The appearance of one’s doppelgänger usually presages disaster. Today, a shadow version of oneself exists constantly alongside our flesh-and-bone selves, for the most part concealed under the surface of our smartphones, in the ebb and flow of data behind our screens. These “statistical alter egos,” as de Young contemporary art curator Claudia Schmuckli calls them, are part of the modern condition—at least for anyone who engages with the networked world.
Instead of shying away from this uncomfortable truth, the artists of Uncanny Valley, Schmuckli’s first group exhibition at the de Young, meet these doppelgängers head on, mining and manipulating that data to confront audiences with their digital lives, and the real-world implications of all that information.
Uncanny Valley is billed as the “first major exhibition in the U.S. to explore the relationship between humans and intelligent machines through an artistic lens,” which sounds like it could be a show of unwieldy and intangible technology. It does, however, hew fairly close to the standard exhibition format, just with slightly more interactive features. Dealing in such nebulous, digital stuff, Uncanny Valley’s strongest moments turn those themes into room-sized installations, as happens in Zach Blas’ The Doors, Lynn Hershman Leeson’s Shadow Stalker and Christopher Kulendran Thomas’ Being Human.
The exhibition opens with Blas’ green-tinged “mystical corporate garden,” organized around the sacred geometry of Metatron’s cube in a nod to the Bay Area’s past and present relationship to psychedelia. At the room’s center, a glass case displays readily available nootropics (so-called smart drugs), popular with a Silicon Valley set interested in optimizing everything, including their own minds. On hanging screens, video projections trained on various neural networks (Fillmore-esque posters, Jim Morrison’s poetry, lizard skin) create a frenetic ambiance, the textbook cacophony of a bad trip.
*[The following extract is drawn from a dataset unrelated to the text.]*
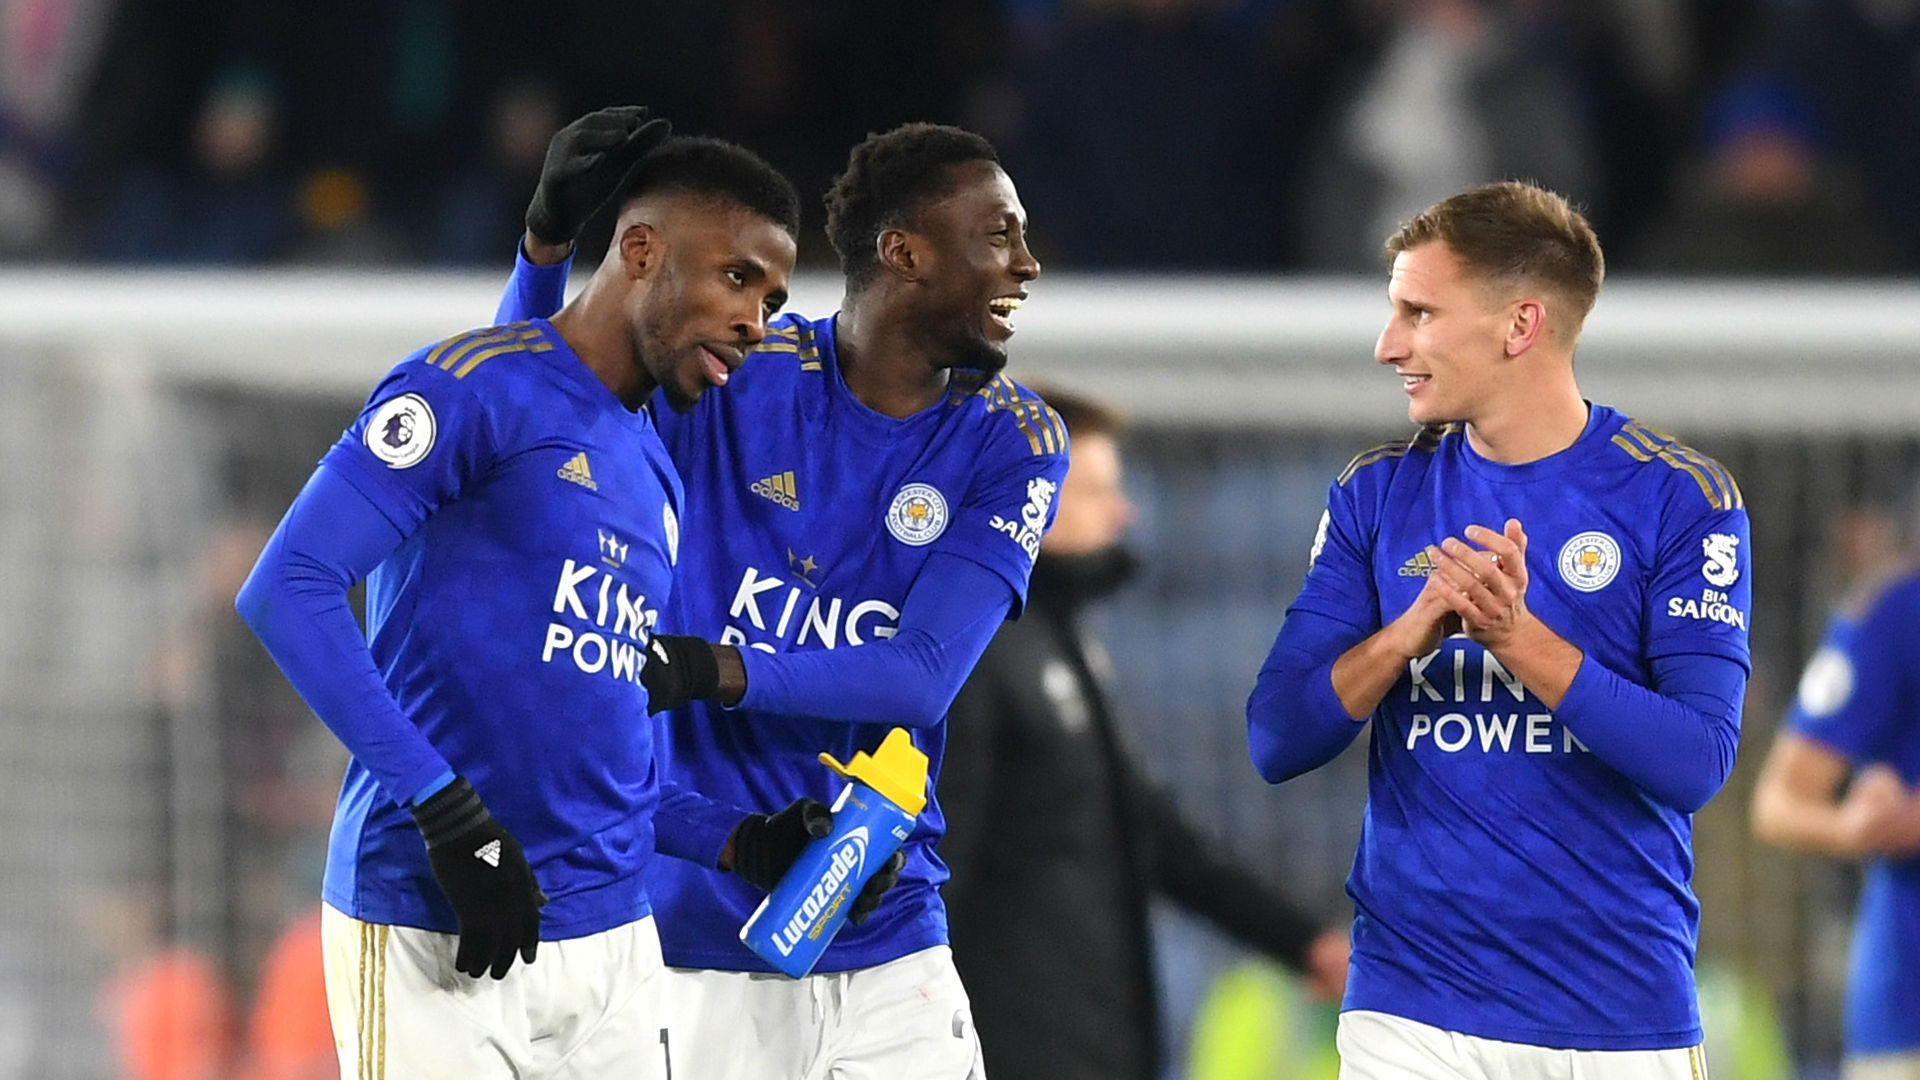 Leicester City forward Iheanacho hails Ndidi as a ‘great passer of the ball’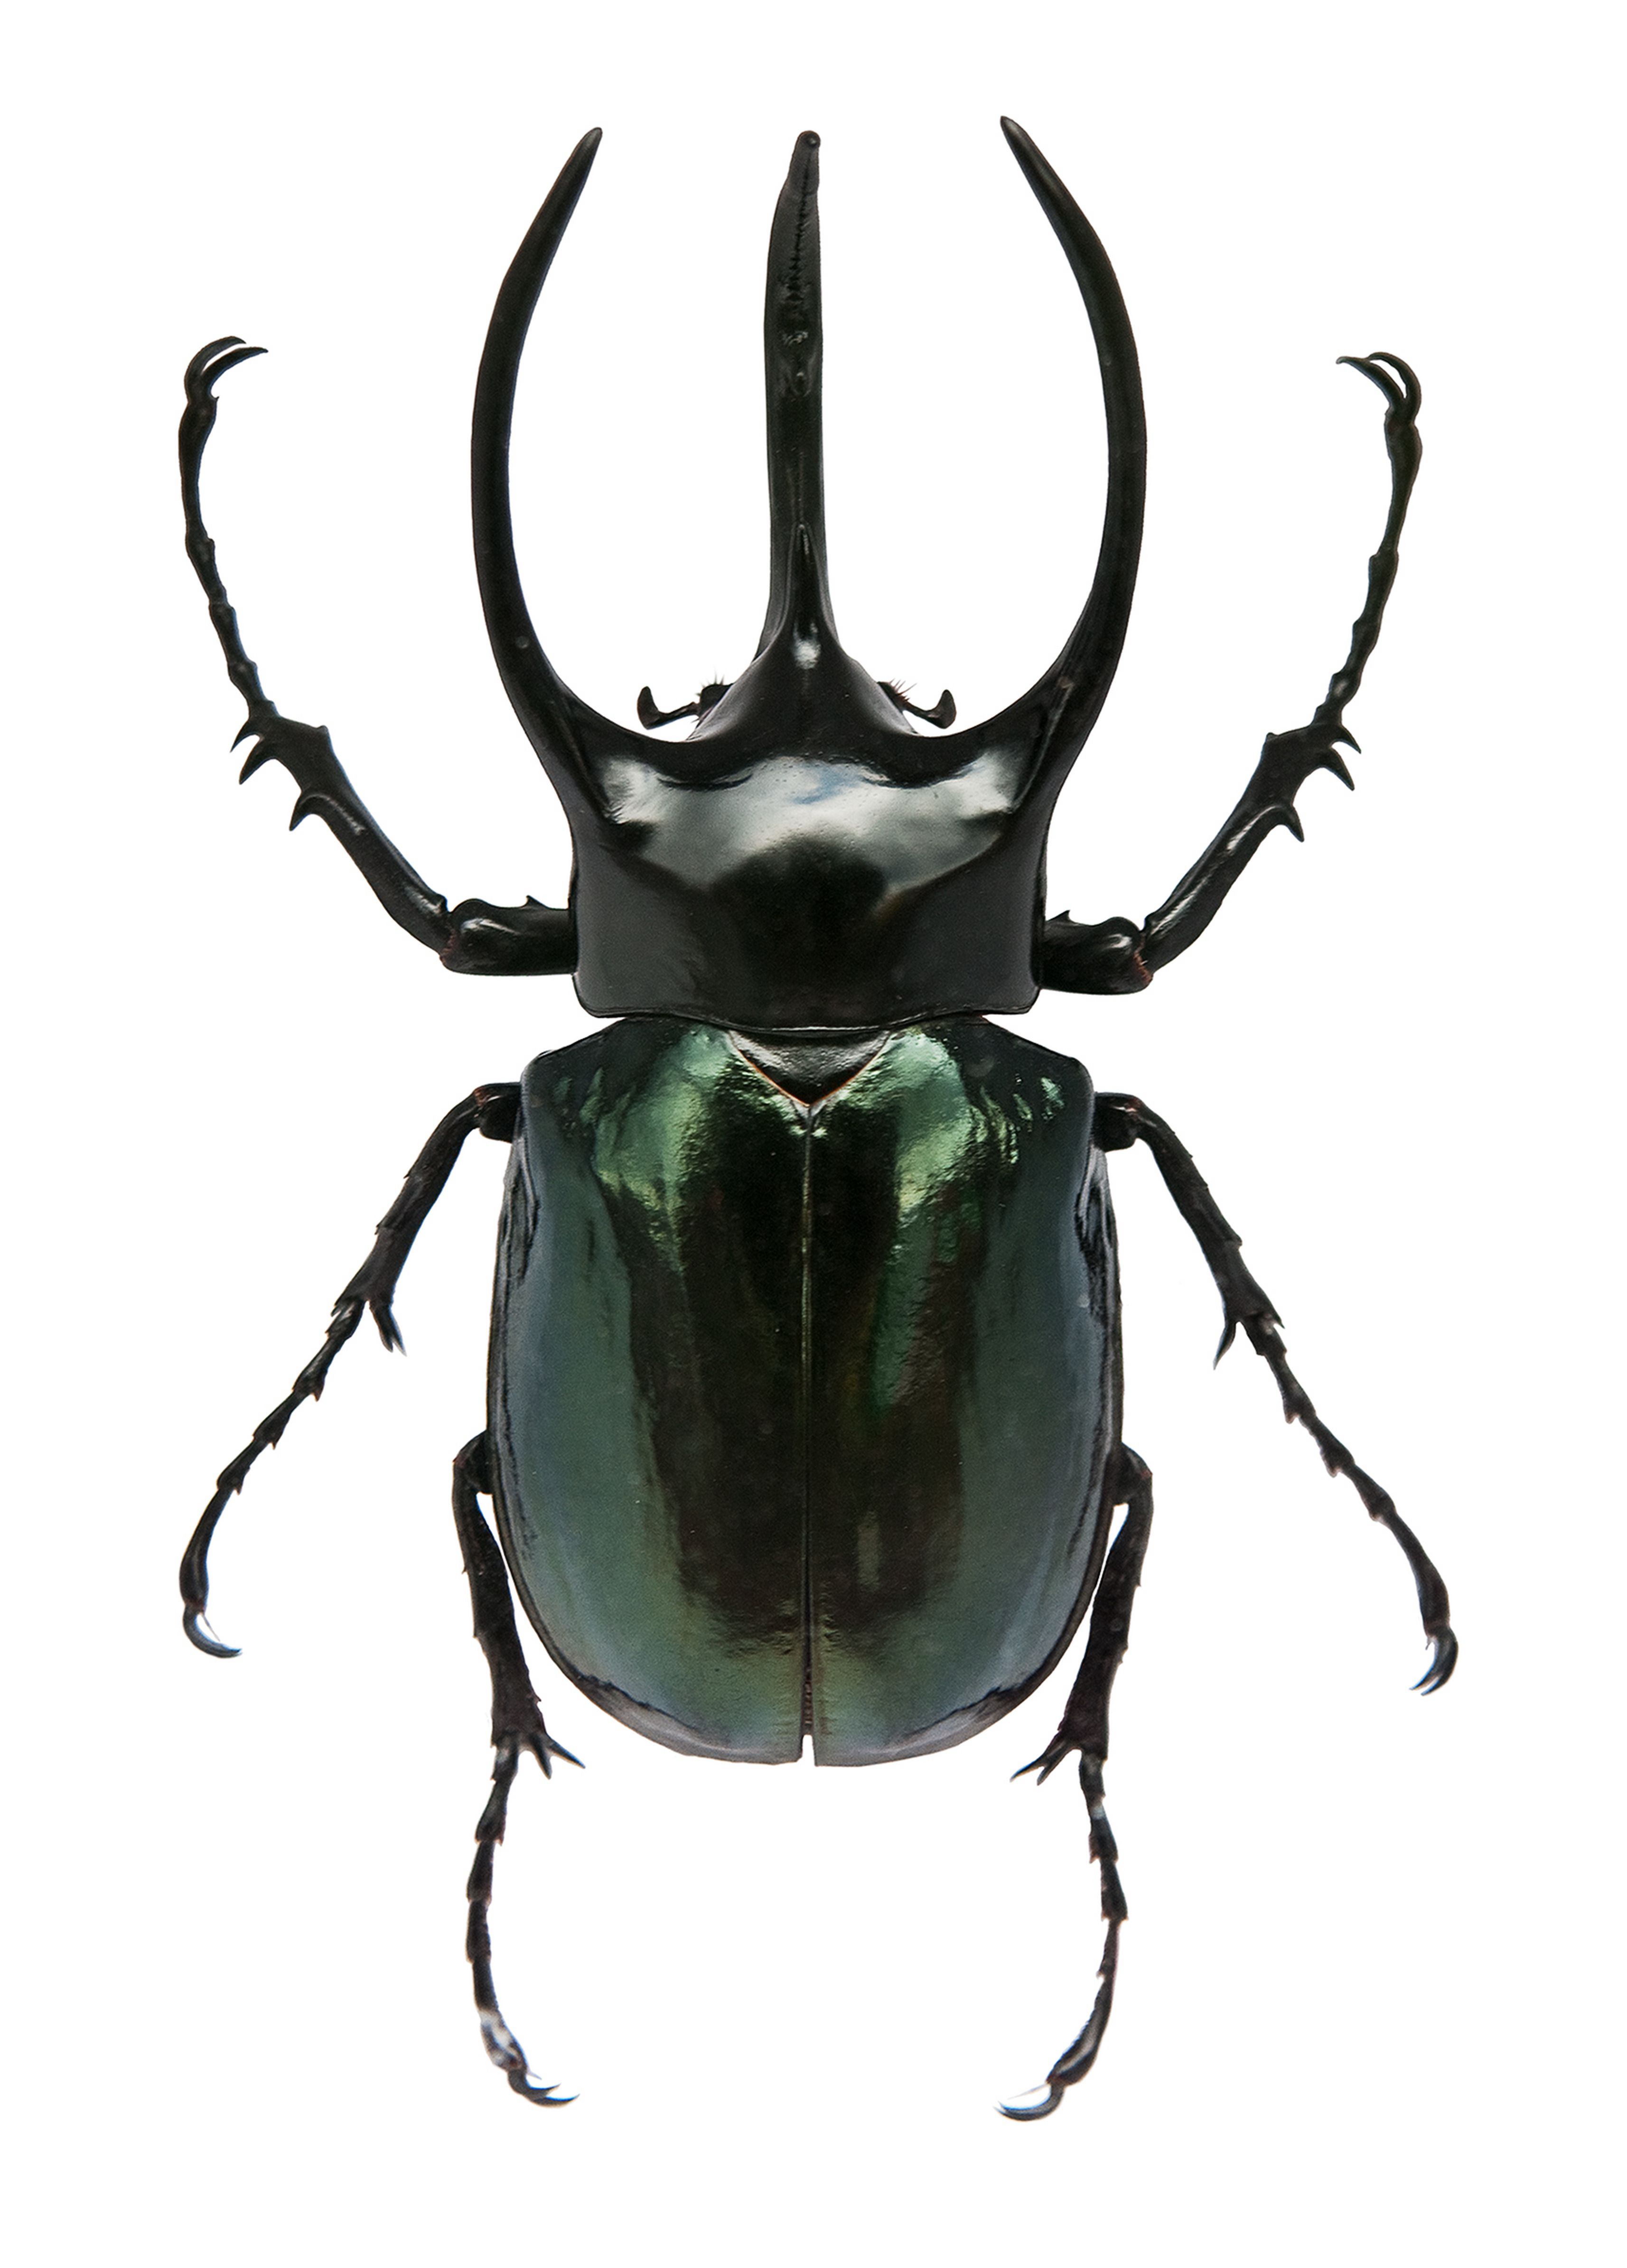 Stag beetle. | Butterfly wings, insects & other fun things ...

While Blas’ LSD-inspired “garden” asks questions like “Who gets to have a vision of the future today?” other projects supply an onslaught of unsettling information we didn’t necessarily know to ask after. Soliciting visitors’ email addresses, Hershman Leeson’s Shadow Stalker broadcasts what personal data can be gleaned from an internet search of that email, yielding current and former addresses, dates of birth, phone numbers and even, sometimes, credit scores. (Schmuckli assured me the museum isn’t keeping people’s email addresses on file, so at least there’s that.)
Hershman Leeson further implicates her audience (their physical and “digital” shadows become part of a projected map) by linking this invasive search to the reality of predictive policing, which uses data about past arrests to identify “high-risk areas” and determine heightened surveillance of those spaces. The feedback loop is dizzying.